Несомненно, изобретение атомного и водородного оружия, а также баллистических ракет добавило забот человечеству. Но атомные бомбы, сброшенные во время Второй мировой войны, все же не были направлены на представителей определенных этнических групп. Как и всякая другая авиационная бомба, они были использованы для того, чтобы преодолеть военное сопротивление и заставить противника поскорее сложить оружие.
Поэтому, какой бы ужасающей ни была такая акция, как бомбежка с воздуха, с применением как обычных, так и атомных бомб, ее единственной целью является заставить нацию, на которые эти бомбы обрушились, капитулировать. Если этот народ сдается, тут же прекращаются бомбежки и останавливаются убийства. К тому же город вообще может избежать бомбежек, объявив себя открытым городом. Что касается деятельности эйнзатцгрупп, здесь ситуация была совсем иной. Даже если народ, среди которого жили евреи, спускал свой государственный флаг, евреев все равно продолжали истреблять. Ни один из обвиняемых не осмелился заявить, что в случае победы Германии над странами-союзницами убийства евреев прекратились бы.
За все время, пока продолжался судебный процесс, защите не удалось привести ни одного факта, который доказывал бы, что убийства евреев каким-то образом ослабляли или уменьшали военную мощь противника. Никому не удалось продемонстрировать, как в результате массовых убийств безоружных людей можно было способствовать победе Германии в войне. Уничтожение мужчин, женщин и детей, объявленных «неполноценными», не оказало никакого влияния на события на фронте.
Например, Олендорф в качестве одной из причин убийств евреев в Советском Союзе приводил тот факт, что «соотношение количества евреев в общем населении России, в сравнении с их представительством в высших органах власти, было очень и очень небольшим». Он подчеркивал, что «до 90 процентов должностей в административных и государственных органах Крыма были заняты евреями.
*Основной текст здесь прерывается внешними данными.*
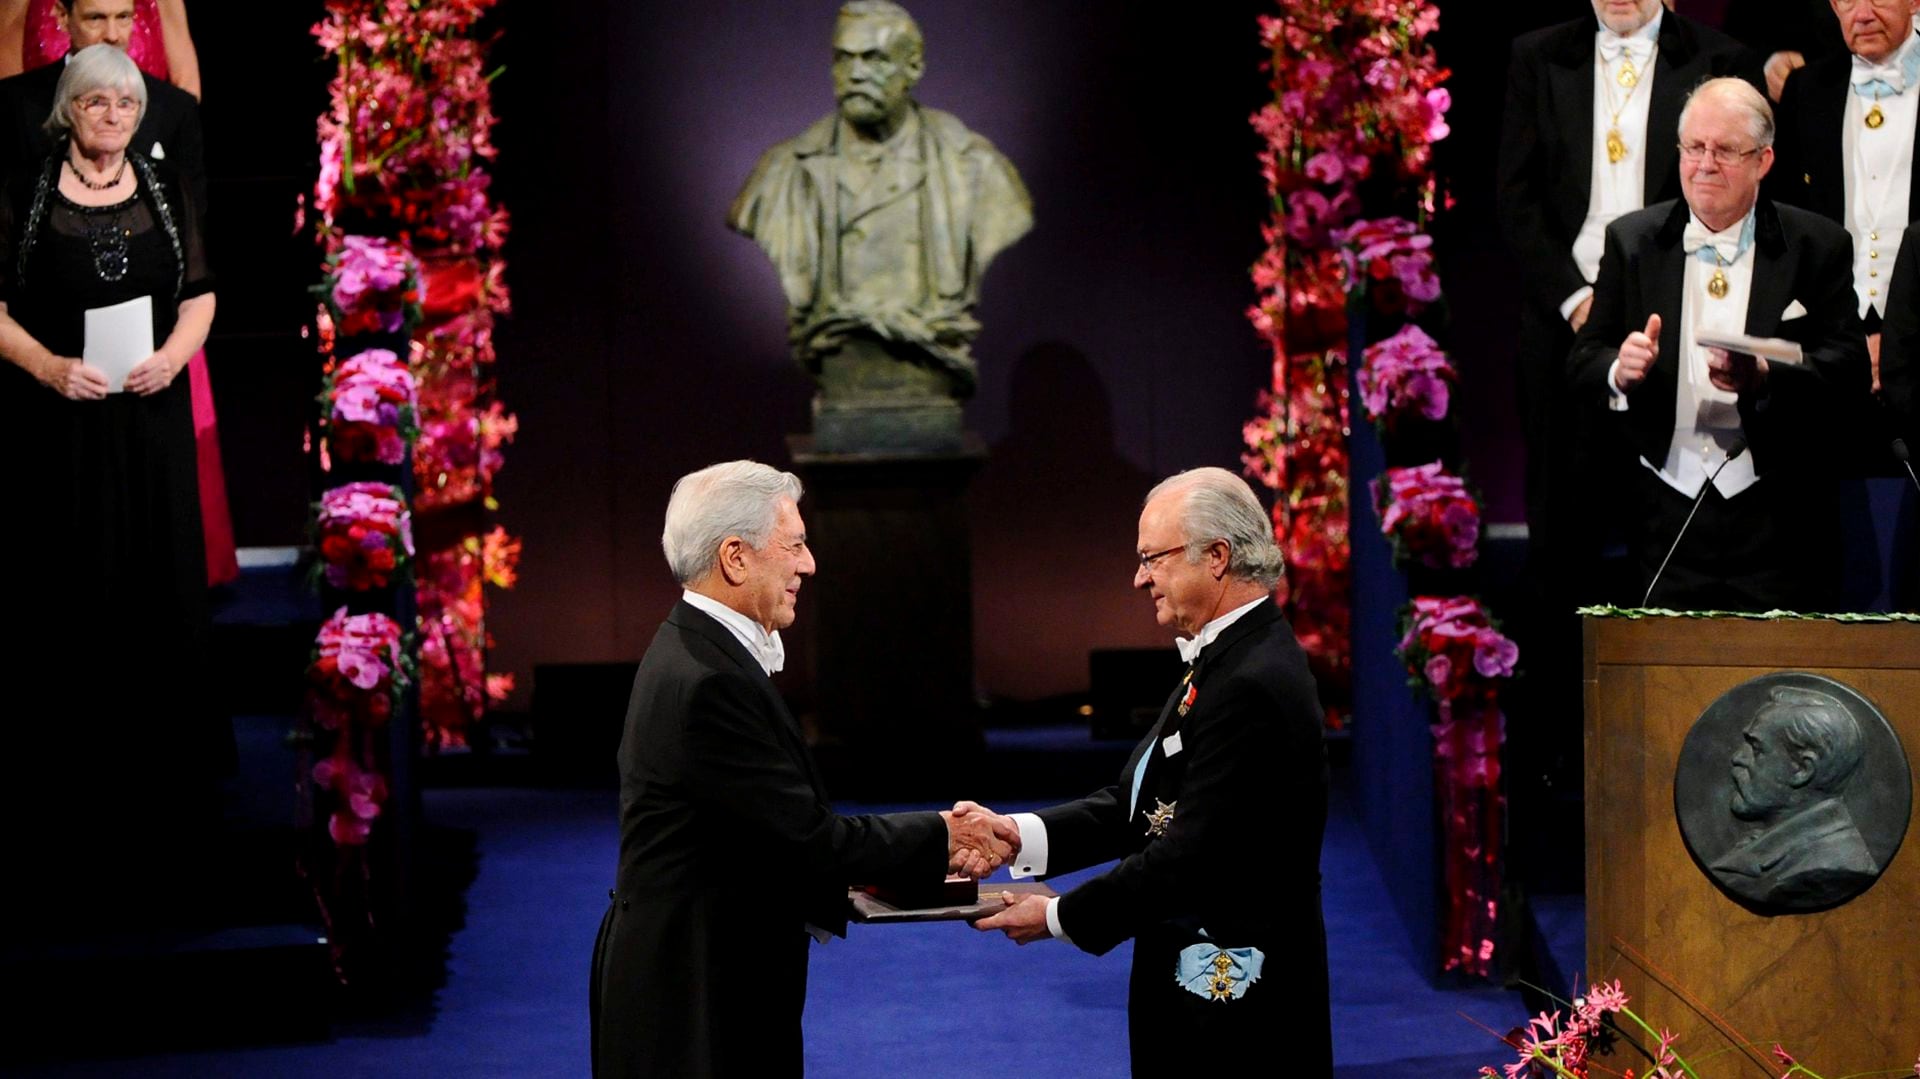 The moment when the Nobel Prize in Literature was awarded to the Peruvian writer Mario Vargas Llosa, in 2010. (EFE)

Таким образом, нам было ясно, что еврейство в большевистской России играет непропорционально важную роль». Точно таким же аргументом пользовались и в самой Германии, чтобы оправдать лишение евреев гражданства и собственности, наложить на них множество других наказаний, что было не просто актом беззакония, но и проявлением варварства. Но у Олендорфа явно не было права и обязанности в России или где бы то ни было с помощью расстрельных команд уравнивать представительство в официальных органах евреев и неевреев, даже если предположить, что данные его статистики были верными, что вызывало сомнения.